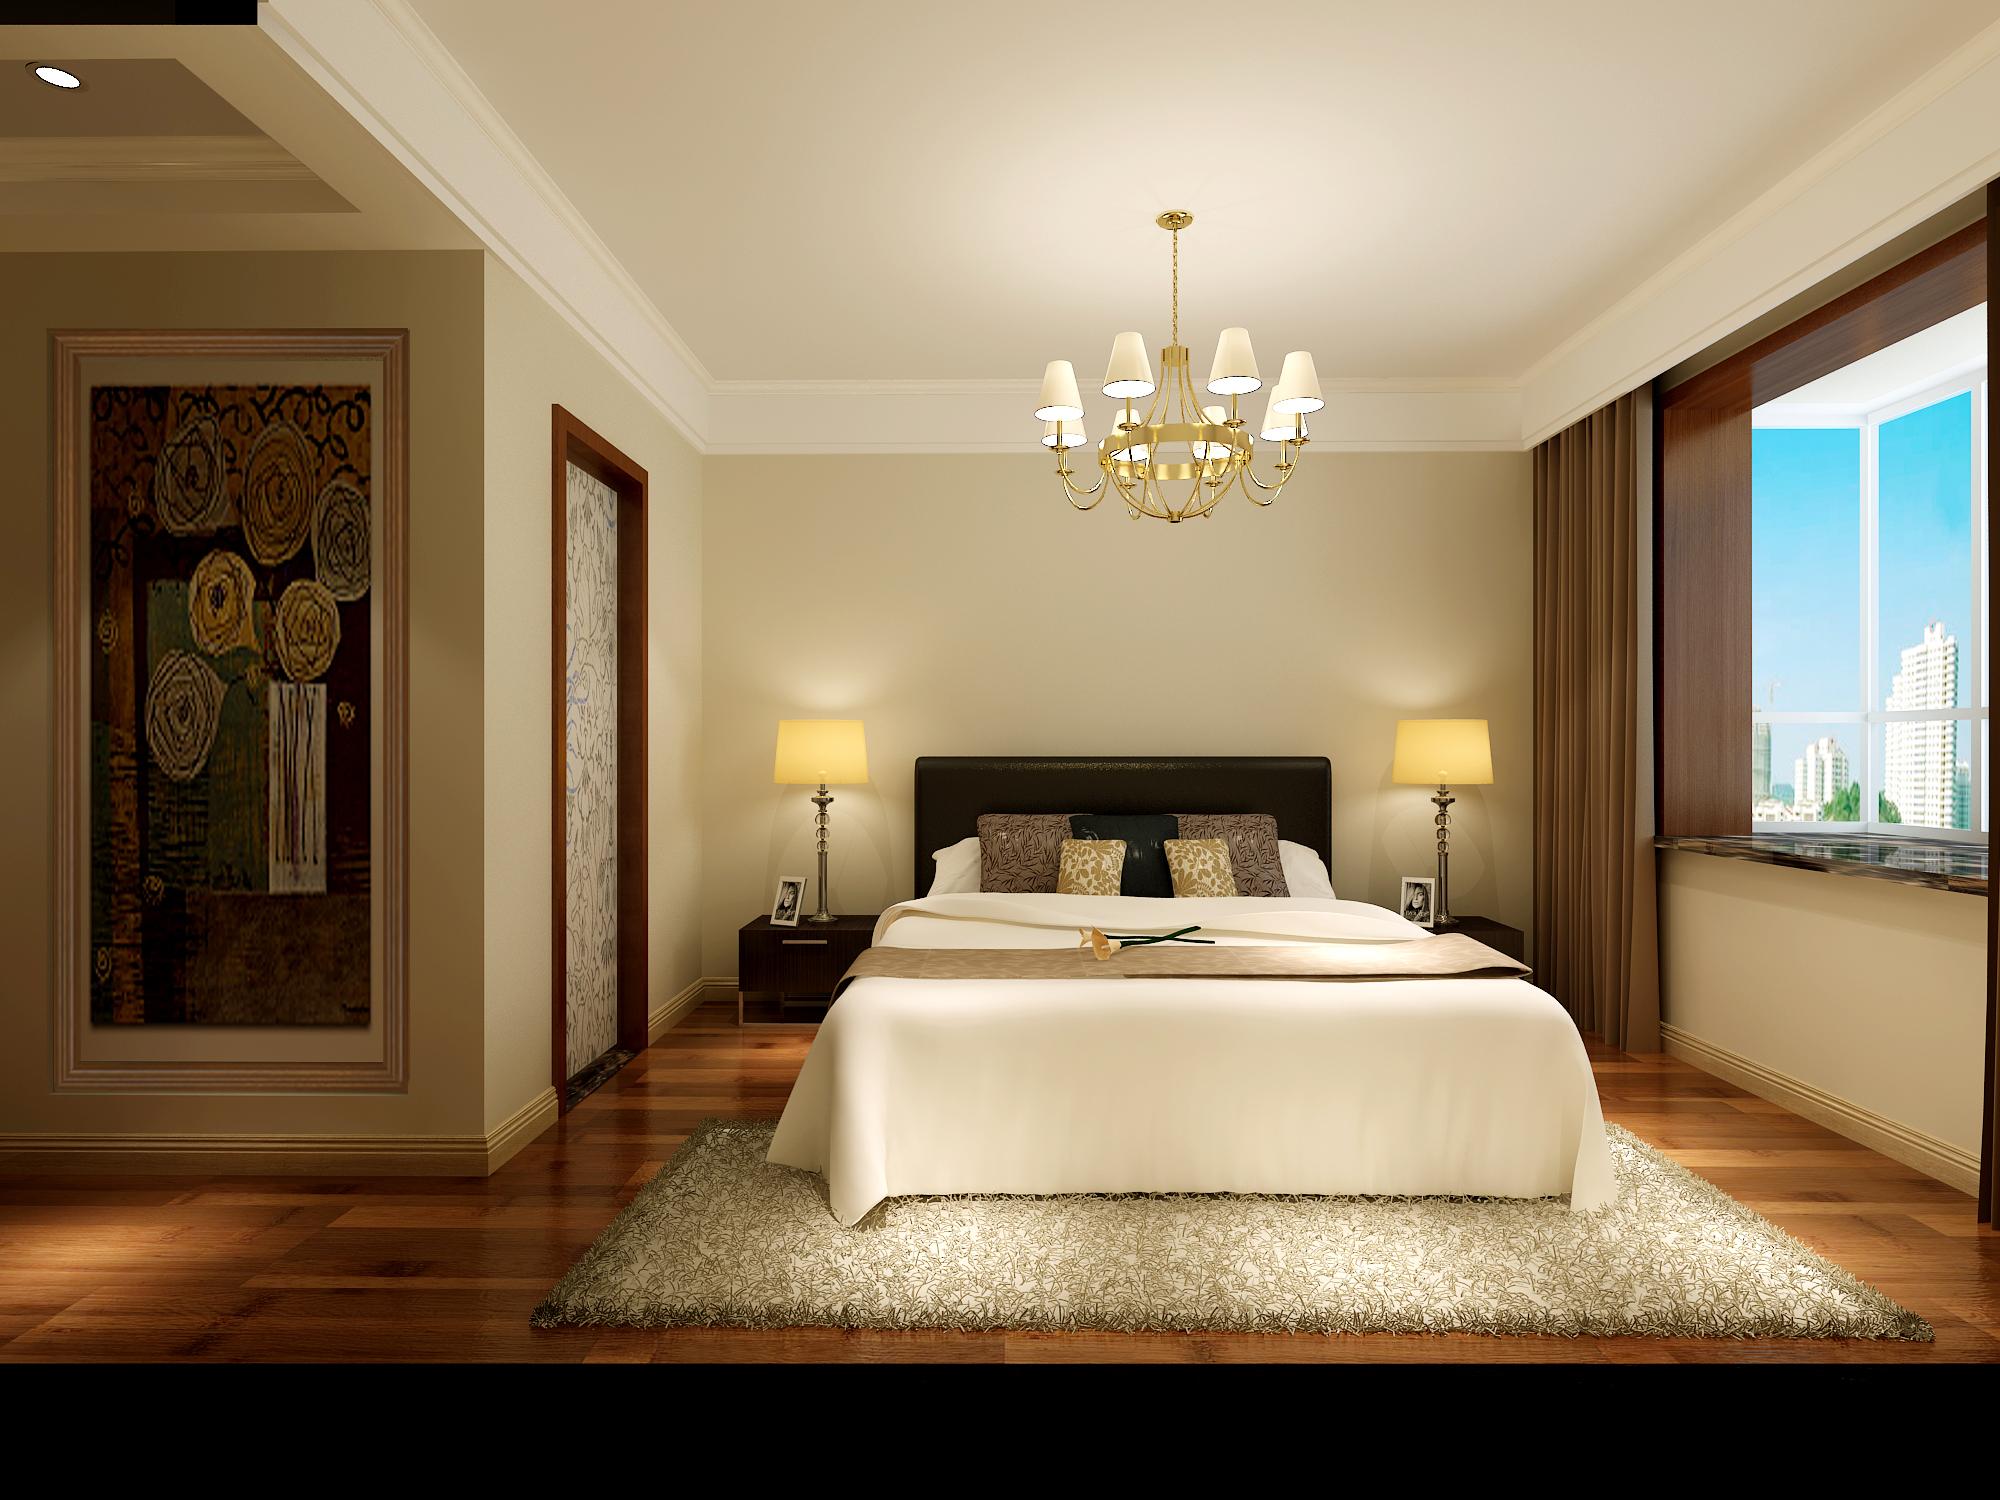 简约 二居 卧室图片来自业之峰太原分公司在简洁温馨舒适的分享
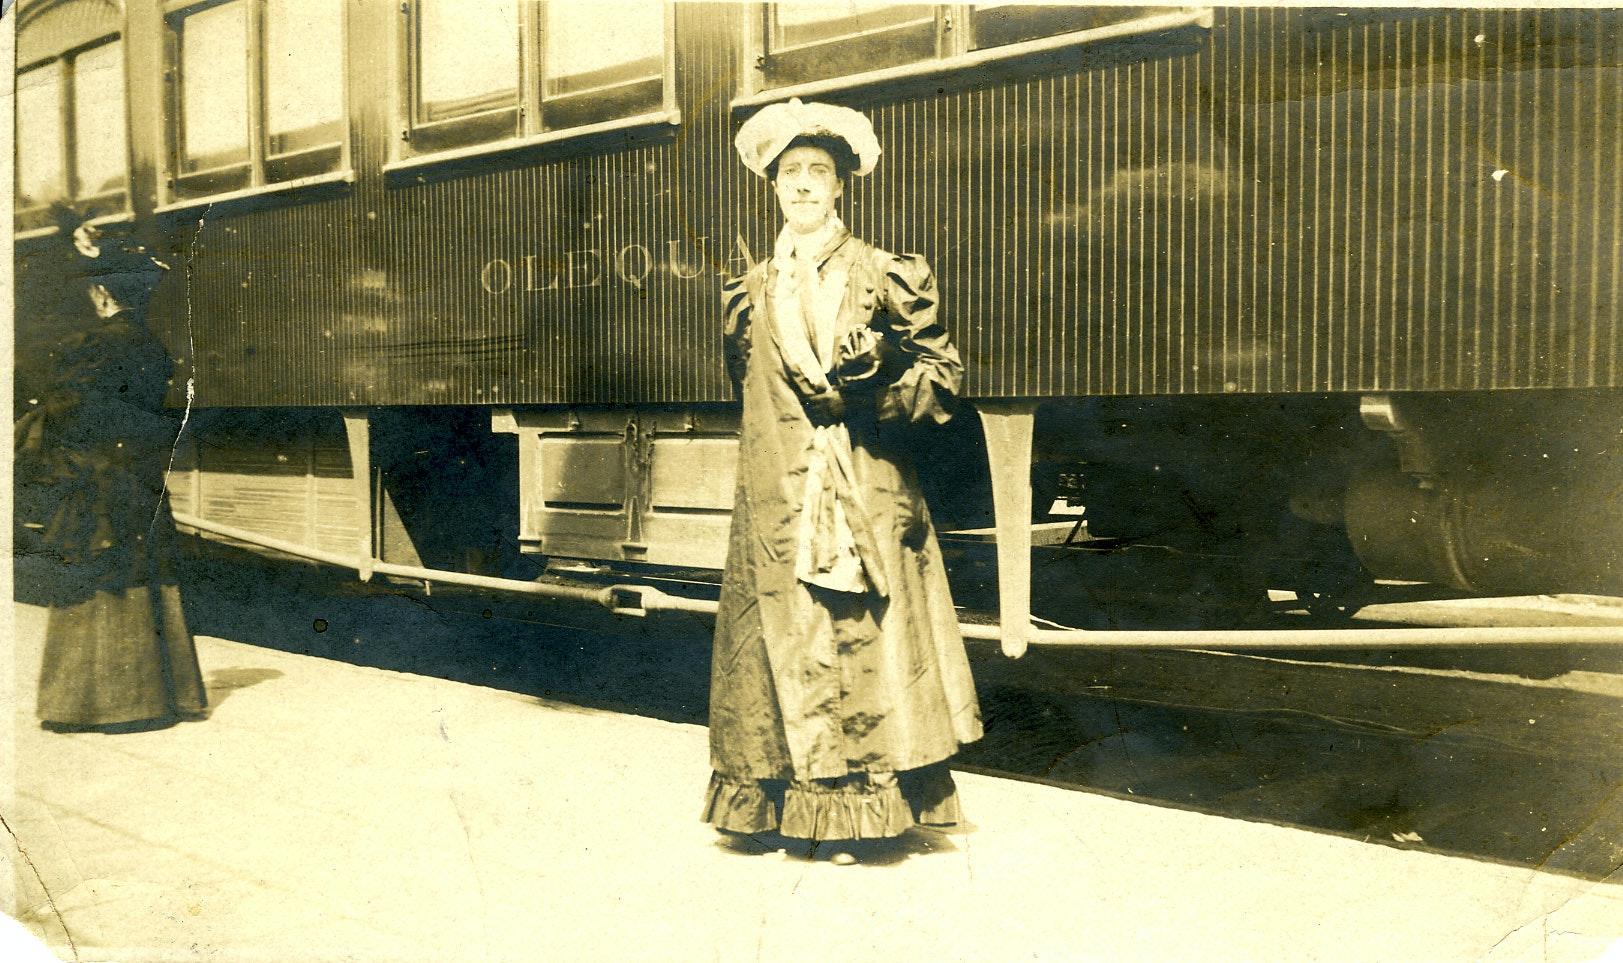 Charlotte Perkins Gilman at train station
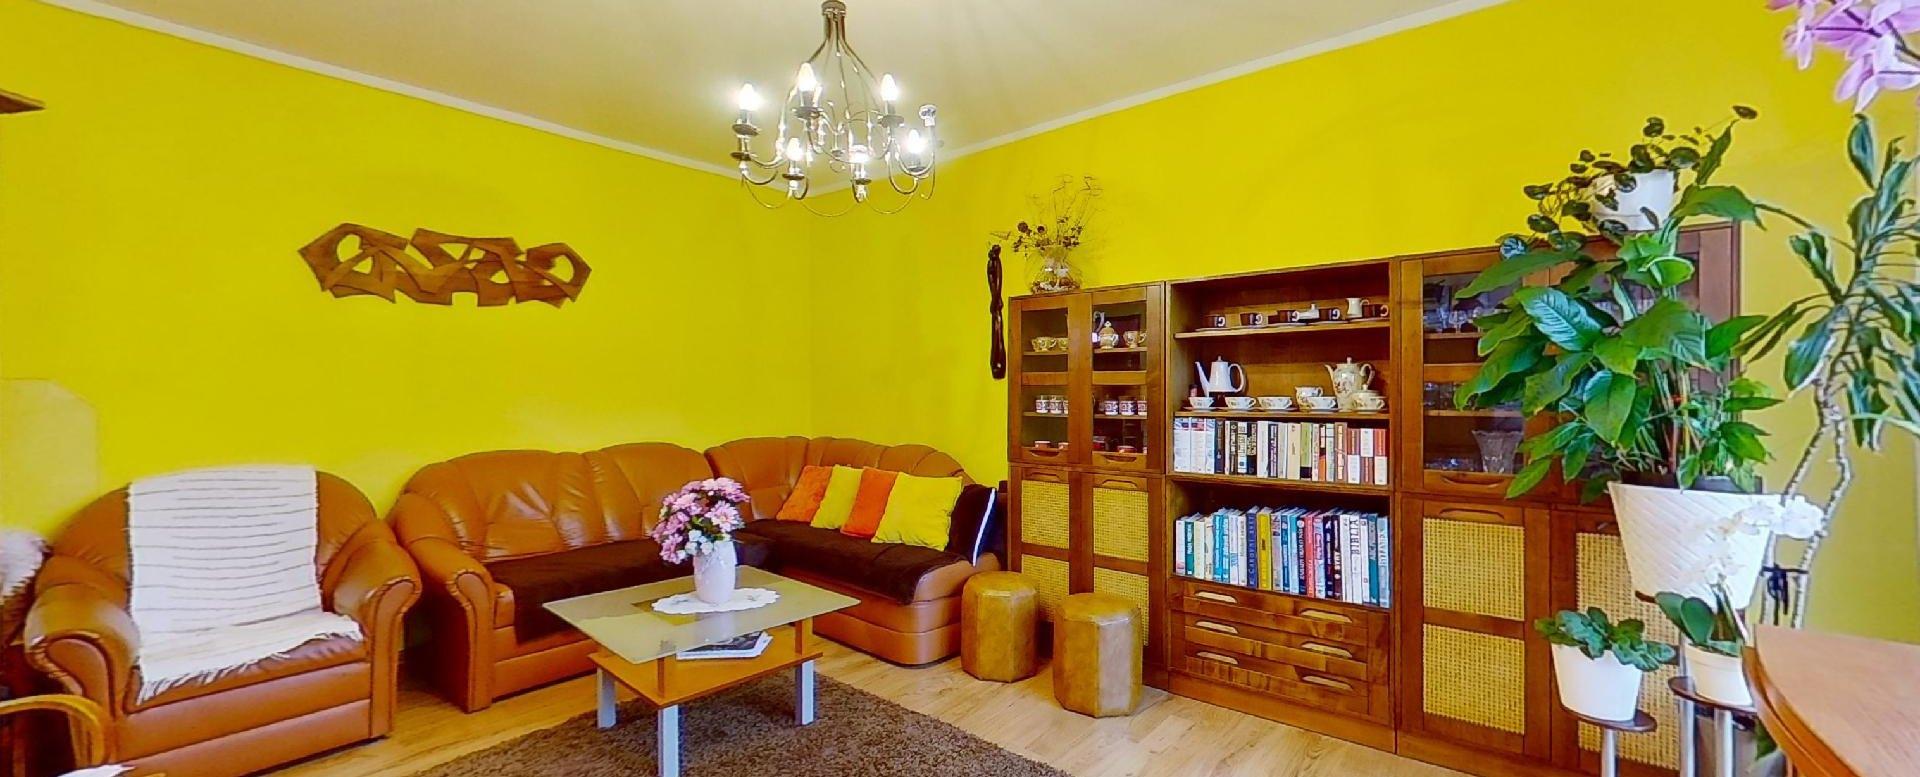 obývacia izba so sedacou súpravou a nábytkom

→ **TASK INSTRUCTIONS**
Any picture in the data is to be skipped, while each line is returned exactly as written.

→ **SOLUTION TO THIS PROBLEM**
 简约 二居 卧室图片来自业之峰太原分公司在简洁温馨舒适的分享
 Charlotte Perkins Gilman at train station
 obývacia izba so sedacou súpravou a nábytkom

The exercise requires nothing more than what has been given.